Великий Инквизитор
Шрифт:
Здесь, как замечает проф. Вл. Шилкарский, мы как раз и находим ключ к происхождению легенды «Великий инквизитор». Здесь мы также находим ключ и к толкованию этой легенды. В произведении Достоевского кроется весьма глубокая метафизика истории. Таким образом задачей данного исследования было раскрыть эту метафизику истории, поэтические образы и символы этого произведения перевести в понятия и конкретную поэтическую реальность поднять на высоту принципа. Насколько это удалось автору, пусть решает читатель.
I. СМЫСЛ ЛЕГЕНДЫ
1. ПСИХОЛОГИЧЕСКИЙ СМЫСЛ ЛЕГЕНДЫ
Легенда «Великий инквизитор», говоря словами Бердяева, загадка1. И не только потому, что нам не понятно, на чьей стороне автор: инквизитора или Христа; нам также не понятно, чем является в устах Ивана защита Христа: настоящей ли его апологией или издевательским осуждением; но, главное, она -- загадка потому, что от нас ускользает основной смысл легенды. «Великий инквизитор» — одна из глав романа «Братья Карамазовы». Что собой представляет эта глава? Является ли она отступлением от основного направления или она служит для того, чтобы подчеркнуть это направление? Р. Гвардини2 предостерегает нас от восприятия легенды «Великий инквизитор» как скачка поэтической свободы в сторону, ибо «она помещена в таком важном месте, что одно только её присутствие там заставляет нас связывать её со всем содержанием романа» [27] .
27
Religi"ose Gestalten, стр. 112, 1947
Именно пересечение сознательного желания и спонтанного вдохновения в этой легенде и затрудняет её понимание. В истории литературы и философии легенда трактовалась по-разному. Её исследователи (Бердяев, Франк3, Гвардини, Розанов4, Штайнбюхель5, Волынский6 и др.), трактуя отдельные её идеи, чаще всего друг с другом не соглашаются. Все признают, что в легенде осуждается насилие и защищается свобода; что человек в ней изображается в свете трагических противоречий; что проблема счастья занимает здесь центральное место. Однако когда надо сказать, каков совокупный смысл легенды в целом, мнения расходятся. Одни предполагают, что это произведение несет только психологический смысл, выявляя мировоззрение и характер Ивана Карамазова.
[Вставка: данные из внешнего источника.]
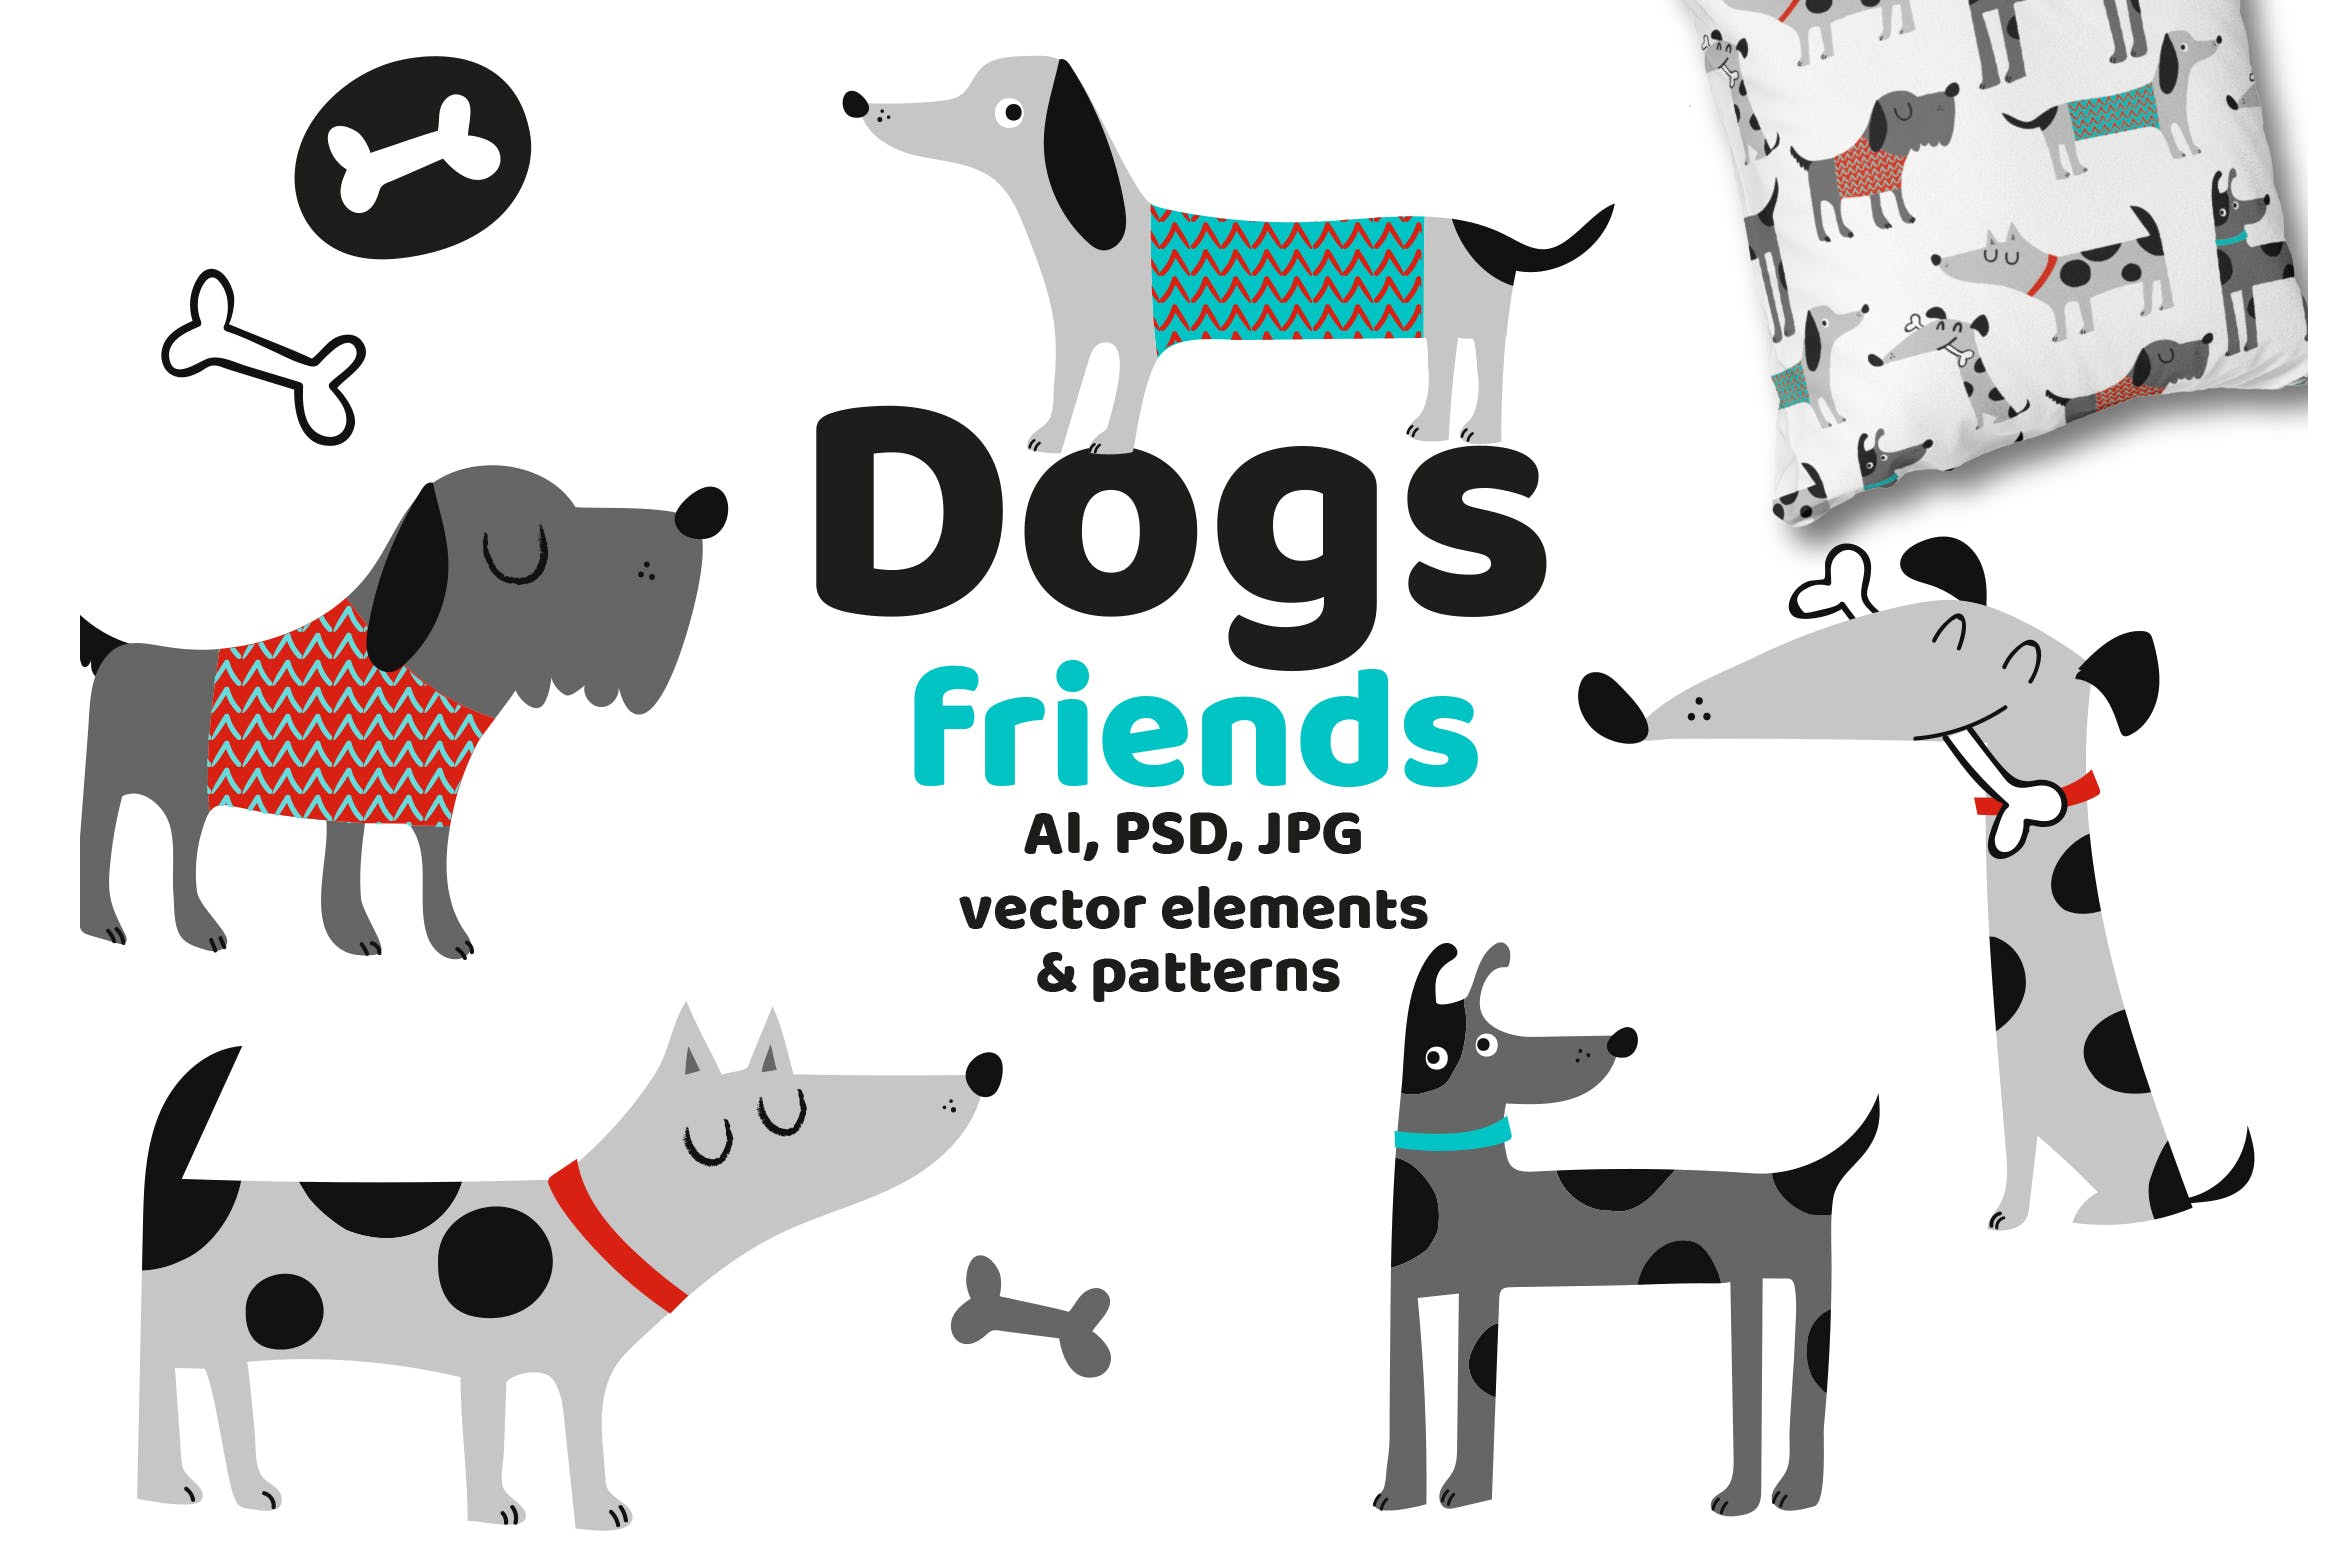 可爱卡通动物手绘图案背景蚂蚁素材精选 Dogs Friends插图

Другие усматривают в нем моральный смысл, рассматривая легенду как критику вырождения Католичества. И те, и другие не ошибаются. В легенде «Великий инквизитор» имеются начала, на которые опираются различные концепции и которые их обосновывают. Это произведение Достоевского можно трактовать по-разному, ибо оно необычайно богато своими идеями и своей символикой. Однако остается не раскрытым вопрос, исчерпывают ли все эти толкования — хотя каждое из них и обосновано в своей сути — всю совокупность легенды, или, что вполне вероятно, они представляют собой лишь концепции её отдельных идей, отдельных аспектов и отдельных её начал. Богатство легенды позволяет нам подходить к ней по-разному. И все пути могут быть верными. Нам остается лишь выбрать из них тот, который ведет во всю легенду во всей её целостности, который позволит понять нам не только отдельные её идеи, но всю её саму во всей её совокупности и единстве. Таким образом, не сомневаясь в правильности различных подходов и различных трактовок, мы всё-таки хотели бы найти центральный путь и, следуя по нему, выдвинуть основную идею легенды и, тем самым, хотя бы приблизиться к конечному смыслу этого великого произведения.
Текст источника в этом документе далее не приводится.